From 6dcd373b9d518c688b16800d9d0d7a88cb5f3dc2 Mon Sep 17 00:00:00 2001
From: Benoit Jacob <jacob.benoit.1@gmail.com>
Date: Fri, 9 Jul 2010 18:51:17 -0400
Subject: [PATCH 15/17] let ei_pset1 use _mm_loaddup_pd. Not a significant
 speed improvement, but also not a speed regression, and replaces 3
 instructions by 1 single instruction.

---
 Eigen/src/Core/arch/SSE/PacketMath.h | 4 ++++
 1 file changed, 4 insertions(+)

diff --git a/Eigen/src/Core/arch/SSE/PacketMath.h b/Eigen/src/Core/arch/SSE/PacketMath.h
index a5d527271..dc28bdb56 100644
--- a/Eigen/src/Core/arch/SSE/PacketMath.h
+++ b/Eigen/src/Core/arch/SSE/PacketMath.h
@@ -109,8 +109,12 @@ template<> EIGEN_STRONG_INLINE Packet4f ei_pset1<float>(const float&  from) {
   return ei_vec4f_swizzle1(res,0,0,0,0);
 }
 template<> EIGEN_STRONG_INLINE Packet2d ei_pset1<double>(const double&  from) {
+#ifdef EIGEN_VECTORIZE_SSE3
+  return _mm_loaddup_pd(&from);
+#else
   Packet2d res = _mm_set_sd(from);
   return ei_vec2d_swizzle1(res, 0, 0);
+#endif
 }
 #else
 template<> EIGEN_STRONG_INLINE Packet4f ei_pset1<float>(const float&  from) { return _mm_set1_ps(from); }

From c4ef69b5bd46b106d001921867847a741bc6725b Mon Sep 17 00:00:00 2001
From: Gael Guennebaud <g.gael@free.fr>
Date: Sat, 10 Jul 2010 22:37:16 +0200
Subject: [PATCH 16/17] fix compilation: make the check_coordinates* functions
 const

---
 Eigen/src/Core/TriangularMatrix.h | 6 +++---
 1 file changed, 3 insertions(+), 3 deletions(-)

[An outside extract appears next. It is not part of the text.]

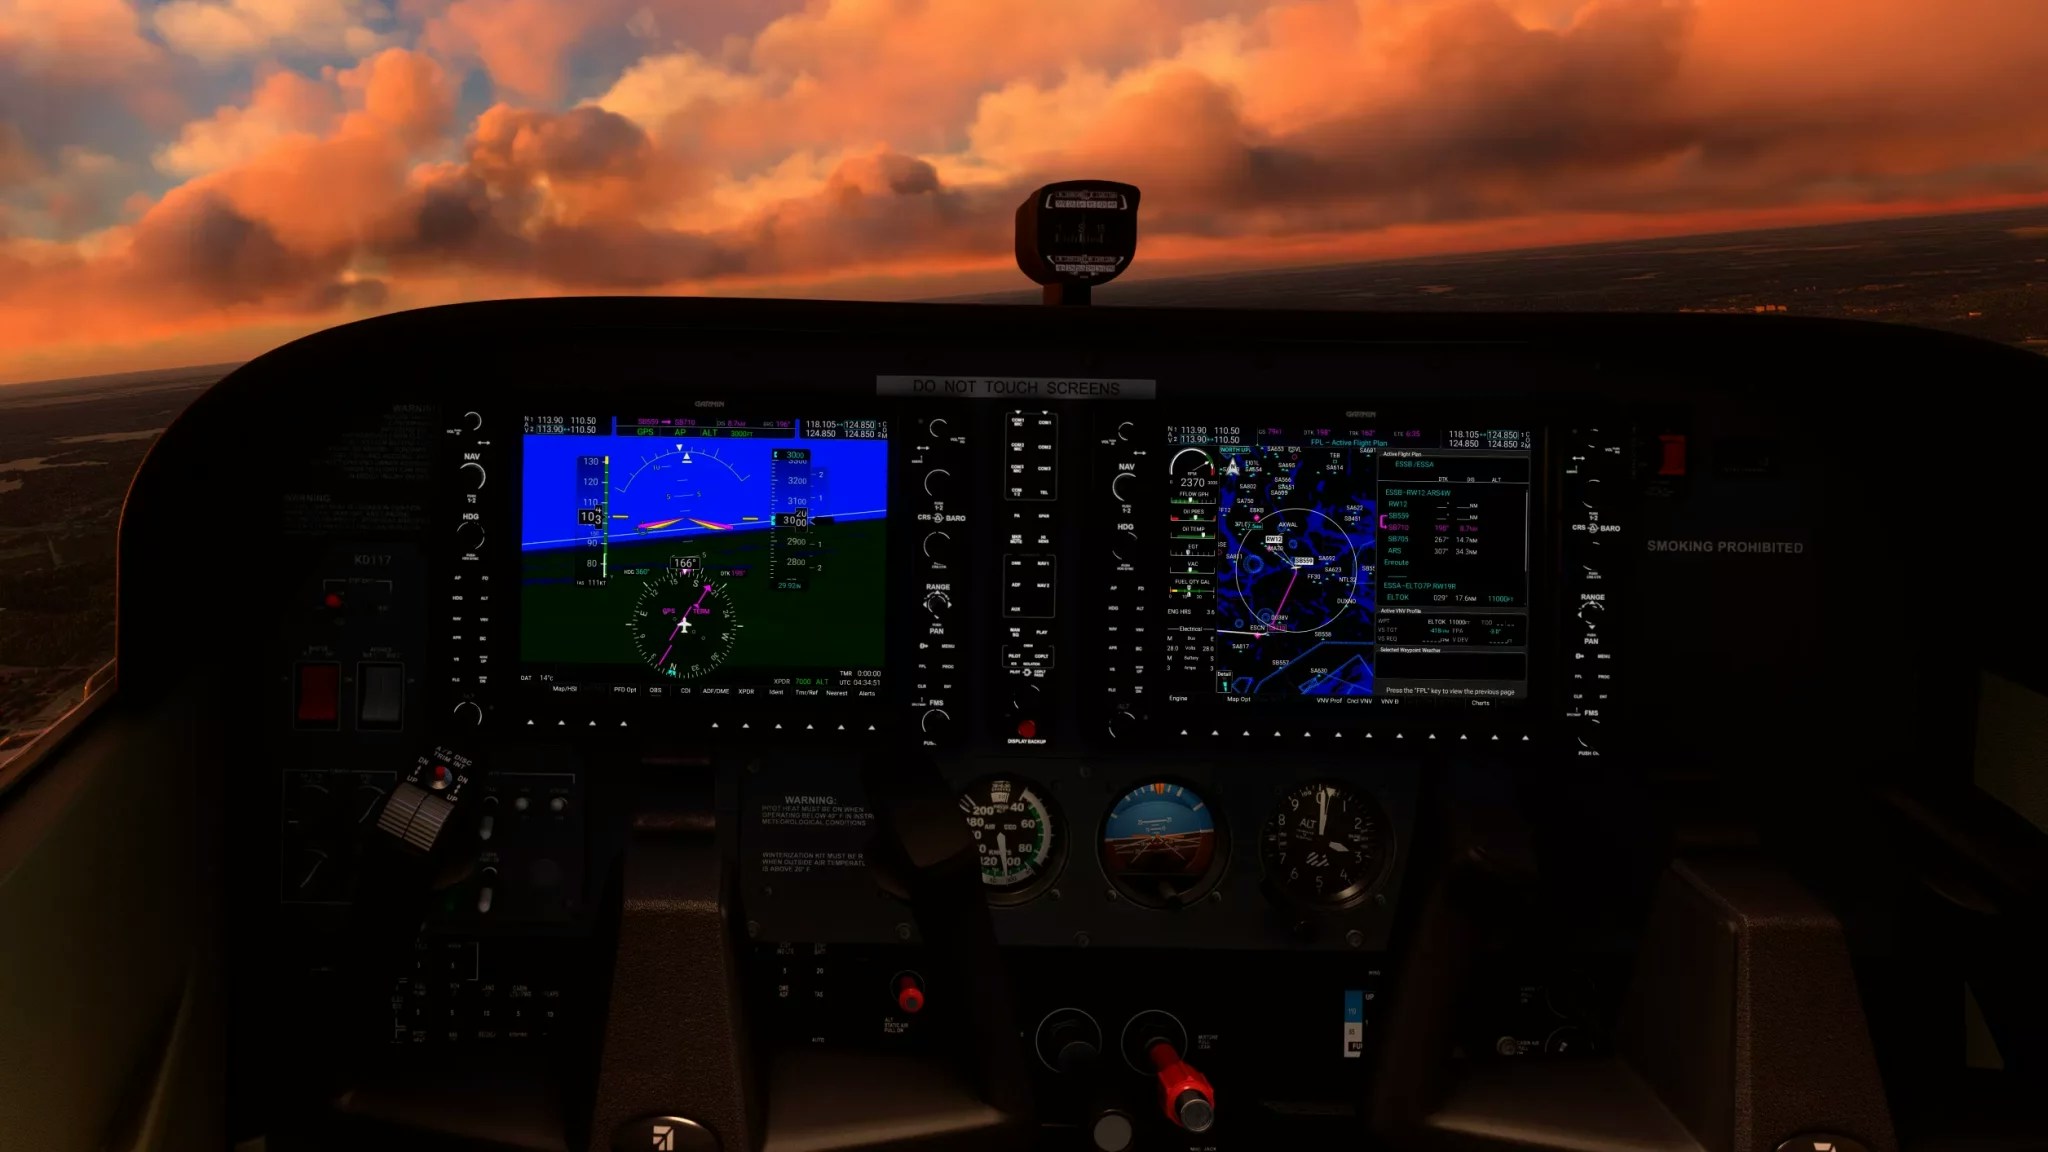 Navigraph's Avionics Plugin G1000 NXi Support

diff --git a/Eigen/src/Core/TriangularMatrix.h b/Eigen/src/Core/TriangularMatrix.h
index c66bbb9fa..e2afa23b0 100644
--- a/Eigen/src/Core/TriangularMatrix.h
+++ b/Eigen/src/Core/TriangularMatrix.h
@@ -90,7 +90,7 @@ template<typename Derived> class TriangularBase : public EigenBase<Derived>
 
   protected:
 
-    void check_coordinates(Index row, Index col)
+    void check_coordinates(Index row, Index col) const
     {
       EIGEN_ONLY_USED_FOR_DEBUG(row);
       EIGEN_ONLY_USED_FOR_DEBUG(col);
@@ -102,12 +102,12 @@ template<typename Derived> class TriangularBase : public EigenBase<Derived>
     }
 
     #ifdef EIGEN_INTERNAL_DEBUGGING
-    void check_coordinates_internal(Index row, Index col)
+    void check_coordinates_internal(Index row, Index col) const
     {
       check_coordinates(row, col);
     }
     #else
-    void check_coordinates_internal(Index , Index ) {}
+    void check_coordinates_internal(Index , Index ) const {}
     #endif
 
 };

From e5bc9526f16590288edbc3e5fd8837ea81654942 Mon Sep 17 00:00:00 2001
From: Gael Guennebaud <g.gael@free.fr>
Date: Sat, 10 Jul 2010 22:53:27 +0200
Subject: [PATCH 17/17] * generalize rowmajor by vector * fix weird compilation
 error when constructing a matrix with a row by matrix product

---
 Eigen/src/Core/Product.h                      | 13 ++++--
 Eigen/src/Core/SolveTriangular.h              |  9 ++--
 Eigen/src/Core/products/GeneralMatrixVector.h | 45 ++++++++++---------
 .../Core/products/TriangularMatrixVector.h    |  8 ++--
 Eigen/src/Core/util/BlasUtil.h                |  5 ++-
 test/product_large.cpp                        | 11 +++++
 6 files changed, 57 insertions(+), 34 deletions(-)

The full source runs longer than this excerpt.